• Application Note

Qualitative Pesticide Screening of a Dried Cherry Sample Using HRMS

Qualitative Pesticide Screening of a Dried Cherry Sample Using HRMS

  • Gareth E. Cleland
  • Kendon S. Graham
  • Kenneth Rosnack
  • Jennifer A. Burgess
  • Waters Corporation

Abstract

In this application note we describe the ease of use and efficacy of a non-targeted, data independent, analysis type (MSE and HDMSE), coupled with UNIFI, a state-of-the-art scientific information system for multi-analyte screening in food and environmental samples. Here, we focus on introducing the novel way a user in a routine environment can customize data review within the scientific information system to establish a concise, rapid, facile, and consistent approach to reviewing HRMS data. This is demonstrated with a case study involving an authentic sample analyses. The aim of these case studies is to show how a user can get from injection of a sample to submission of an accurate report in a fast, efficient, systematic, and reproducible way using the workflows, views, and filters in UNIFI.

Benefits

Review complex high resolution, non-targeted MSE or HDMSE datasets using workflows, filters, and views within an integrated scientific information system that allows:

  • Screening for a theoretical unlimited number of compounds in a single injection.
  • Simultaneous collection of qualitative and quantitative unbiased data for either targeted or non-targeted analysis.
  • Interrogation of data for the presence of unknown compounds of interest via filtering, binary compare, and statistical analysis.
  • Structural elucidation of isolated unknown compounds of interest.
  • Historical data review performed using accurate mass precursor and fragment ion information.
  • Utilization of Collision Cross Section (CCS) as an identification point for accurate mass screening.

Introduction

Multi-analyte screening methodologies are essential for monitoring food and environmental samples across the globe. The goal of these methods is to eliminate the compliant samples and identify the non-compliant samples for subsequent confirmation and quantification. Sensitivity must be in line with the relevant regulatory limits for residues in complex matrices. Also, a method must be validated in accordance with legislative requirements. This method would ideally be a rapid, cost effective, and streamlined process, from sample preparation to reporting results.
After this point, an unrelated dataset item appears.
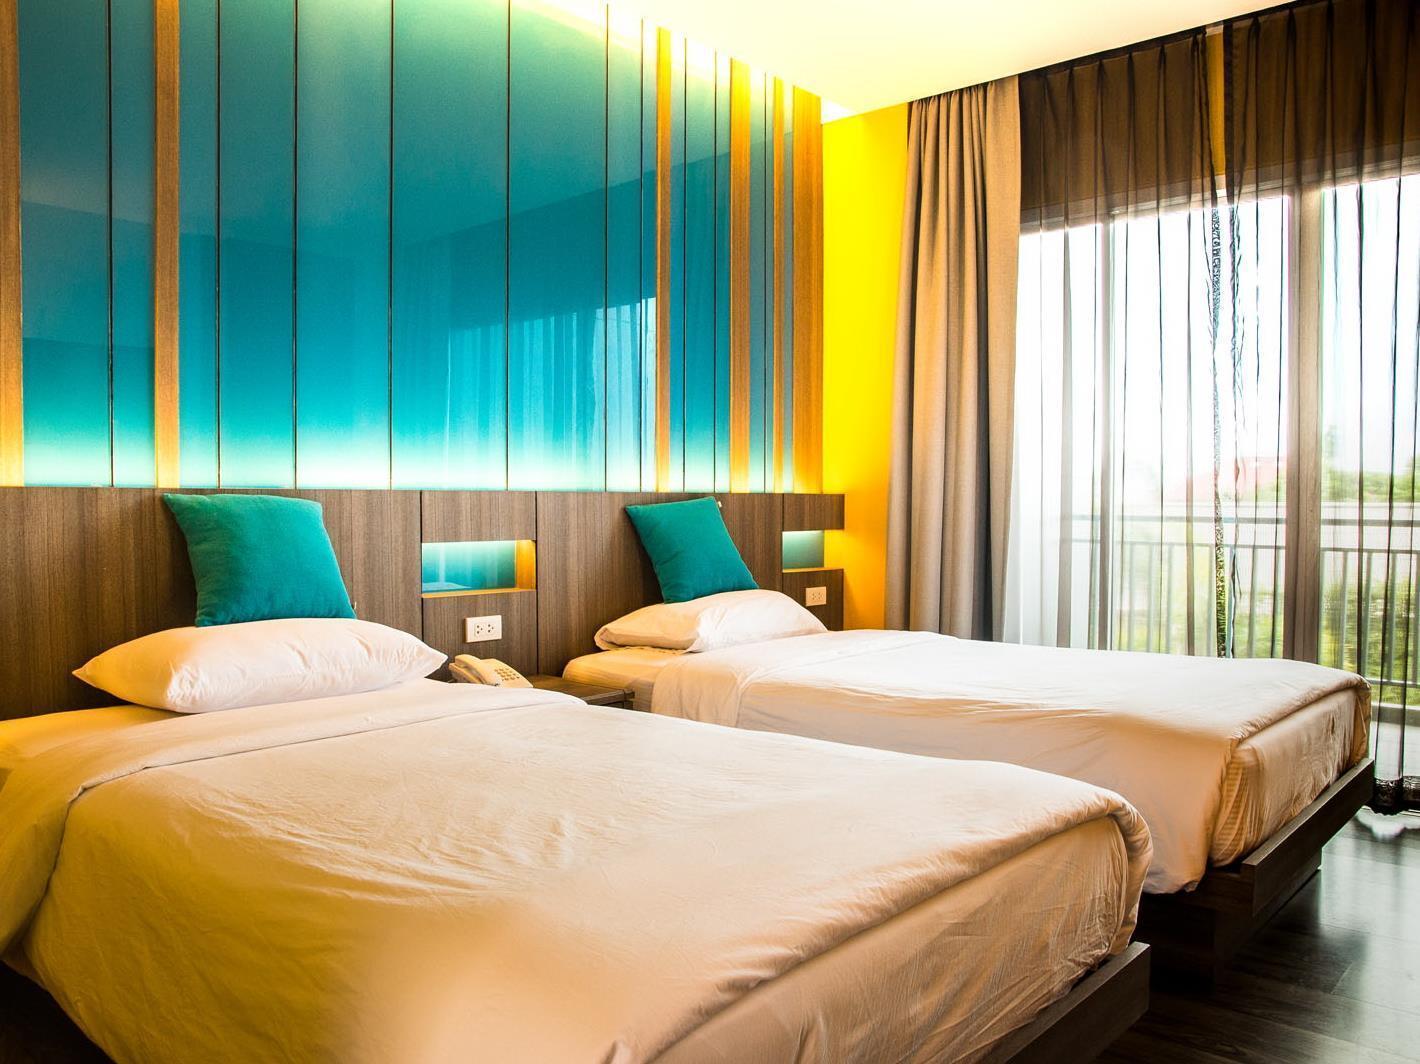 Lantana Pattaya Hotel & Resort, Pattaya
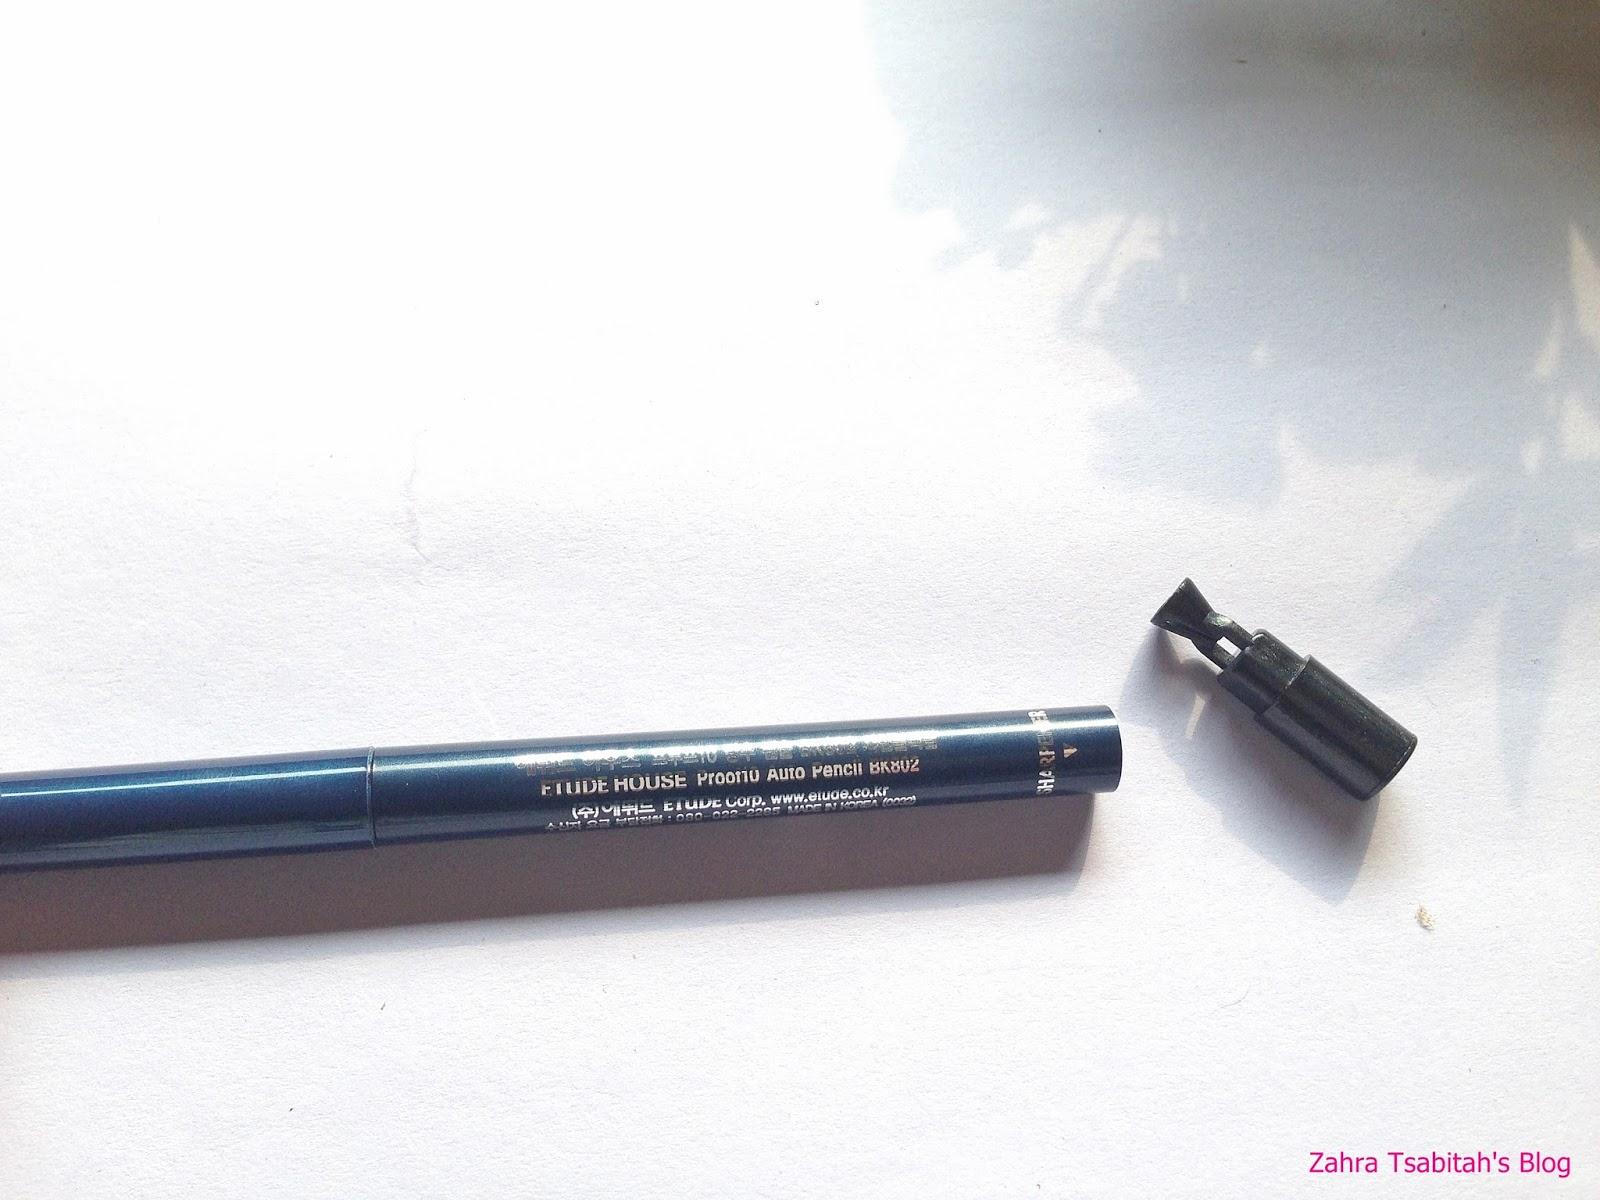 Zahra Tsabitahs Blog Review Etude House Proof10 Auto Pencil Eyeliner Warna Putar Jadi Kalau Mau Dan Keluarin Eyelinernya Harus Hati Banget Jangan Bar Biar Nggak Patah Ya

To date, LC-MS/MS or GC-MS/MS tandem quadrupole technologies meet the requirements above and currently exist as the de-facto technique used to perform these analyses. However, with a constantly increasing number of analytes being added to monitoring and watch lists, the scope of a typical screening method is being extended. In addition, requests to screen for compounds beyond a target list are becoming increasingly common. As a result, many laboratories are progressing towards High Resolution Mass Spectrometry (HRMS) screening techniques that, in theory, can monitor for an unlimited number of targets, and at the same time, provide information to help discover unknown compounds or metabolites of interest.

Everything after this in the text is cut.